Legítimo de Lanman & Kemp

Almanaque de Bristol

Cuando se acercaba diciembre, San Marcos, Carazo, despertaba de su letargo.  Como si un príncipe azul descendiera de su brioso corcel para besar a la bella durmiente, el olor de los cafetales de repente traía la vida al pueblo.  El aire frío que se colaba desde las quebradas era el preludio de un dinamismo inusitado.  La botica de mi abuelo entraba en ebullición, tanto por los pedidos que comenzaban a entrar para hacer frente al incremento de la demanda que se avecinaba, como por los arreglos para cubrir la atención de la época.   

El corte de café provocaba un movimiento singular y debido a que en esos tiempos -los años cincuenta- San Marcos era el eje comercial de la región que abarcaba ese municipio más el de La Concepción, el pueblo experimentaba un auge comercial sin igual.  A partir del momento de los primeros pagos a los cortadores comenzaba el peregrinar de familias enteras que buscaban como gastar su salario en víveres, ropa, medicinas y demás enseres.  

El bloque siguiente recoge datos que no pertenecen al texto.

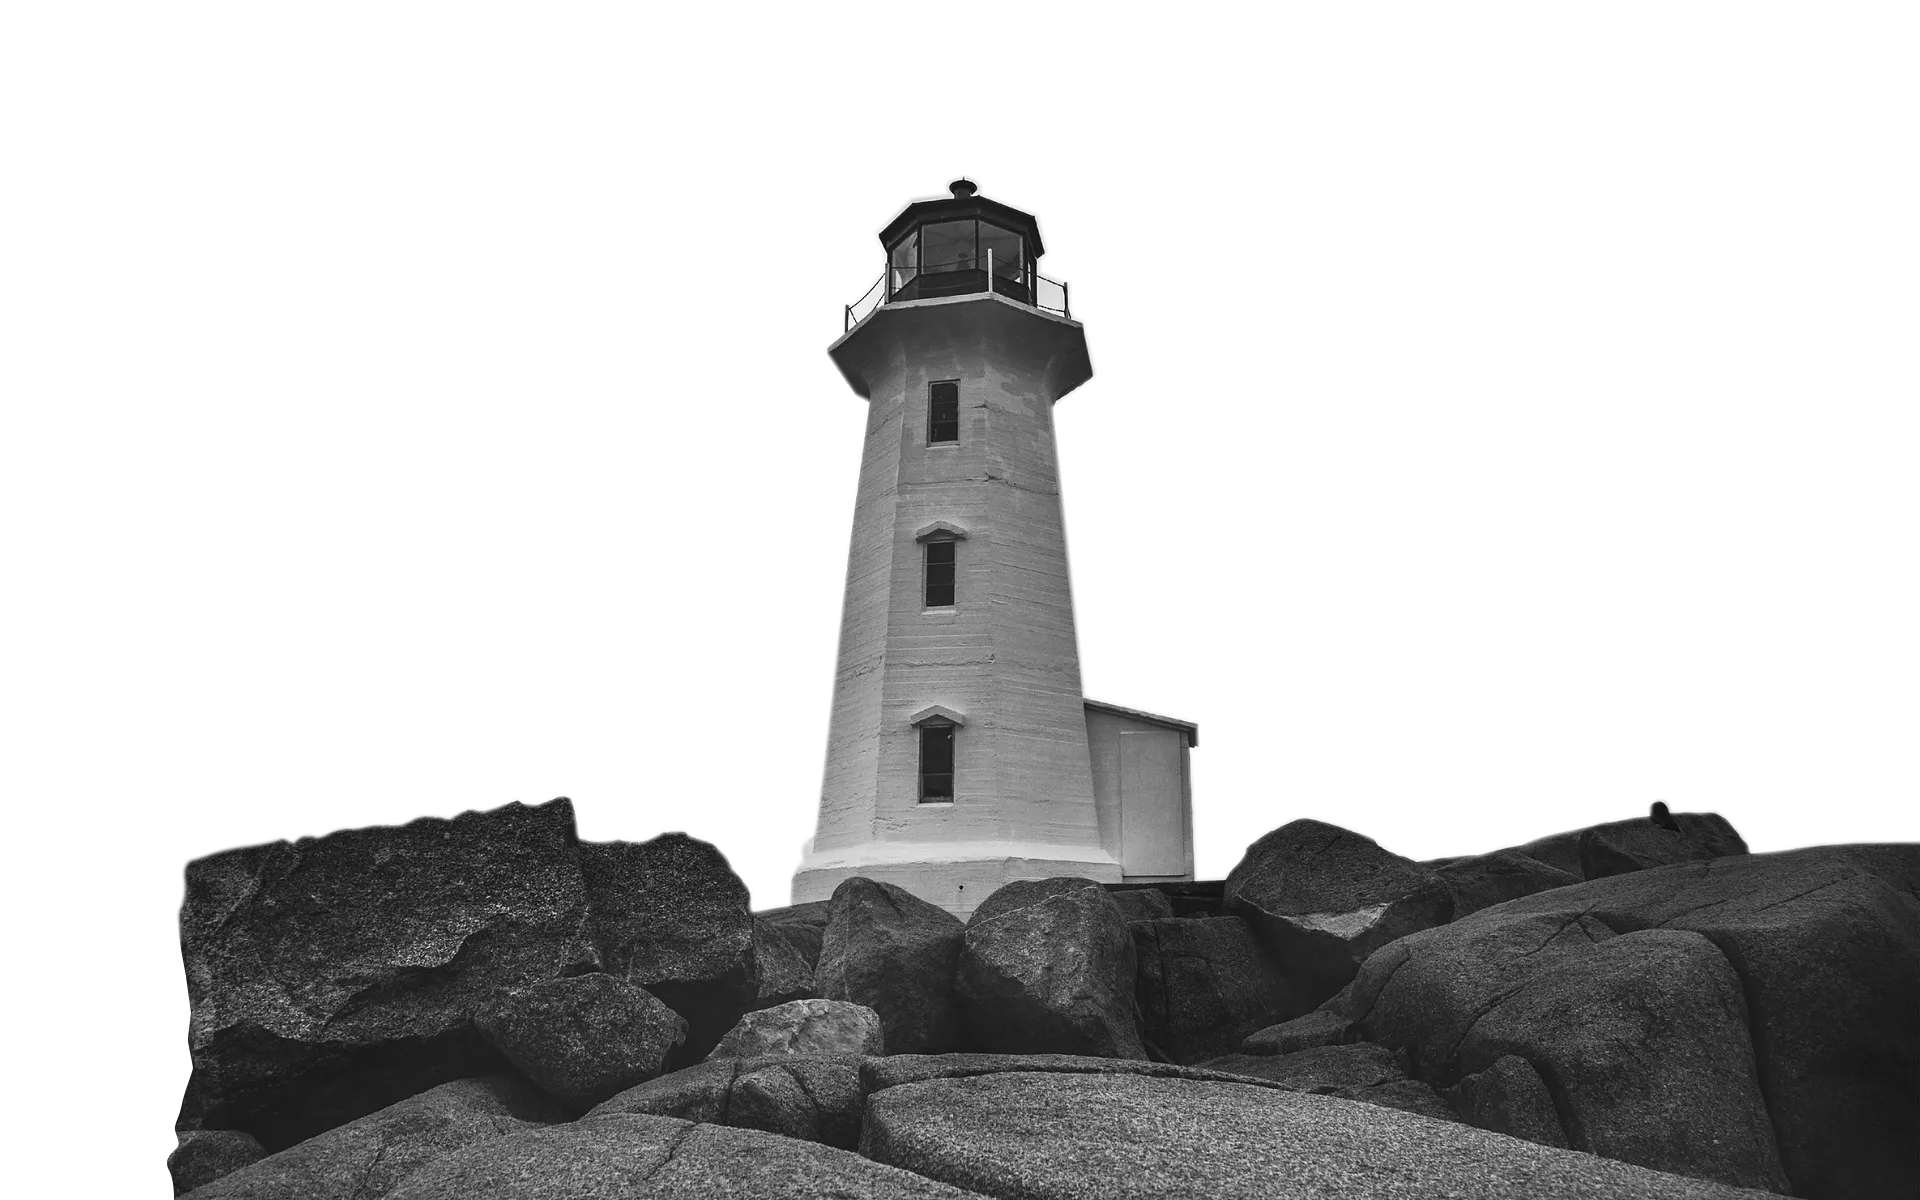 a lighthouse looking out for danger or malicious actors

De todos los pedidos que llegaban a la botica: vaselina simple para fabricar brillantina, especias, aceites esenciales, extractos, espíritus, sales, tinturas, elíxires, tónicos, píldoras diminutas, fragancias y todo lo que uno se puede imaginar, nada levantaba tanta expectativa como la llegada de un paquete grande, envuelto en papel kraft y debidamente embalado.  Desde que los Transportes Reyes se estacionaban frente a la Botica La Capitalina y el encargado del camión bajaba a hacer formal entrega del paquete, comenzaba la expectación en todo el pueblo.  Era el equivalente al lanzamiento del i Phone o del último libro de Harry Potter.   Mi abuelo, como si practicara un rito milenario, con toda la paciencia del mundo, comenzaba la apertura del paquete y cuando completaba la tarea, tomaba un ejemplar de un cuadernillo color naranja encendido y como una muestra de consideración y deferencia, se lo llevaba a mi abuela.  Ella con gran emoción comenzaba a hojearlo y a disfrutar, no tanto el contenido, sino el hecho de ser la primera persona en el pueblo en tener el Pintoresco Almanaque de Bristol.  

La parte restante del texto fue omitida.